Assignment
Set down exactly the lines below between the line holding "A Red Analog" and the line holding "Two teddy bears", inclusive; no other line belongs in the answer.

Source data
____________________
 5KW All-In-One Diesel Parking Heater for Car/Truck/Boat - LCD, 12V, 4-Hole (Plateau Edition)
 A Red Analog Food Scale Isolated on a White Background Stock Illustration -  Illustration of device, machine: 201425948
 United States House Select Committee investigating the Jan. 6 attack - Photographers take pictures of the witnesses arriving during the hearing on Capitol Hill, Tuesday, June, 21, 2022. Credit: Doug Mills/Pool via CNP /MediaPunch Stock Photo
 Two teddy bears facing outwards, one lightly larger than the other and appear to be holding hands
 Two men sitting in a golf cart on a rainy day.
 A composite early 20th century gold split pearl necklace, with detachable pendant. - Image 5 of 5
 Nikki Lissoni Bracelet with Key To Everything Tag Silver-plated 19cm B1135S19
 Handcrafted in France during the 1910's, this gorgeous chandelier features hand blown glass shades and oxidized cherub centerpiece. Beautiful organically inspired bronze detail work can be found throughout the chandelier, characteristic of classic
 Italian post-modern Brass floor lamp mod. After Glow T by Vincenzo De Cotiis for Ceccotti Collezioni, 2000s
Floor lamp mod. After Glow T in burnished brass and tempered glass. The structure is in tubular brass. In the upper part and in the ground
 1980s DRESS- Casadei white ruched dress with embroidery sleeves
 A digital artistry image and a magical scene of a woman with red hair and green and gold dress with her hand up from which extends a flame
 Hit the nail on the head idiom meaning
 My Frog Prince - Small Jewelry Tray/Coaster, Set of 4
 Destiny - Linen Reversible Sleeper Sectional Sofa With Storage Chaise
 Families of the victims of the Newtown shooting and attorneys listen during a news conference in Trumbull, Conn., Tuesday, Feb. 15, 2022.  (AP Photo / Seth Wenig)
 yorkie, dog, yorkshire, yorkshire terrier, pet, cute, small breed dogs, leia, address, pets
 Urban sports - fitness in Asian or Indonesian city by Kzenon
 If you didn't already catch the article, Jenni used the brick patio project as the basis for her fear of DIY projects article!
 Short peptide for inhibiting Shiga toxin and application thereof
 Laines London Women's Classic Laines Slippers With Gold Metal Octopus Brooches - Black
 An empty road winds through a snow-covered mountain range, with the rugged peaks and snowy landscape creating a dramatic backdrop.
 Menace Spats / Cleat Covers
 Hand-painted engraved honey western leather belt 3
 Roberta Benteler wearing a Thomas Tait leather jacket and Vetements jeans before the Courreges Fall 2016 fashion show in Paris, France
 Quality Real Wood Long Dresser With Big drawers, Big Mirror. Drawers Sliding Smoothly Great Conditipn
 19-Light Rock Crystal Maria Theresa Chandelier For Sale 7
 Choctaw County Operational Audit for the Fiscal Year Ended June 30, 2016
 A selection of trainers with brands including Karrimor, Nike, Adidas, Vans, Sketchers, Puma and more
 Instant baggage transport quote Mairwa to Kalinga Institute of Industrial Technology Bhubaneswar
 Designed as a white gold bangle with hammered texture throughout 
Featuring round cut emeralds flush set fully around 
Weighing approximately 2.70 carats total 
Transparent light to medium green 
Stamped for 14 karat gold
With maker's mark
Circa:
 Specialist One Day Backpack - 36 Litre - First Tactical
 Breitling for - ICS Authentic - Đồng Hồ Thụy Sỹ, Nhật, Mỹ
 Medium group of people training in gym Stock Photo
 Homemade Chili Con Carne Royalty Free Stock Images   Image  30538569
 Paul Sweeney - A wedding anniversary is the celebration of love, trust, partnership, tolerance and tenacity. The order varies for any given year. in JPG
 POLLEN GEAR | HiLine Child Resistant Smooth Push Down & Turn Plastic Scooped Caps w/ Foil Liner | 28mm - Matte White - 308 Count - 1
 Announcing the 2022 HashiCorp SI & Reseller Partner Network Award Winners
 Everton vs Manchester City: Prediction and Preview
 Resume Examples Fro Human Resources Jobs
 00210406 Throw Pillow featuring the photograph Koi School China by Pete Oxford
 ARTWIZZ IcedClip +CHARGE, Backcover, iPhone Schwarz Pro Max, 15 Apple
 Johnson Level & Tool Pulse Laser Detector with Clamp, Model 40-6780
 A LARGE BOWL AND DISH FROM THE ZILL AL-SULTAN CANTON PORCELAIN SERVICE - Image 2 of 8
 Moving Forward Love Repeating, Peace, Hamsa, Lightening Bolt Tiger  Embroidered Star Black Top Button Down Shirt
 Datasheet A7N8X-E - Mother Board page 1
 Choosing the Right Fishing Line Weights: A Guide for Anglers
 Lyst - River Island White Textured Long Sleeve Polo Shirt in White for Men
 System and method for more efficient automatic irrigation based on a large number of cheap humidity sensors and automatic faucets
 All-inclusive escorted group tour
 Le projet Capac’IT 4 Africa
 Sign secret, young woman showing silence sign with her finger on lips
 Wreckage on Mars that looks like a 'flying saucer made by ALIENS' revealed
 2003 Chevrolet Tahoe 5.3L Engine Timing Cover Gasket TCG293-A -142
____________________
Reply to the exercise
 A Red Analog Food Scale Isolated on a White Background Stock Illustration -  Illustration of device, machine: 201425948
 United States House Select Committee investigating the Jan. 6 attack - Photographers take pictures of the witnesses arriving during the hearing on Capitol Hill, Tuesday, June, 21, 2022. Credit: Doug Mills/Pool via CNP /MediaPunch Stock Photo
 Two teddy bears facing outwards, one lightly larger than the other and appear to be holding hands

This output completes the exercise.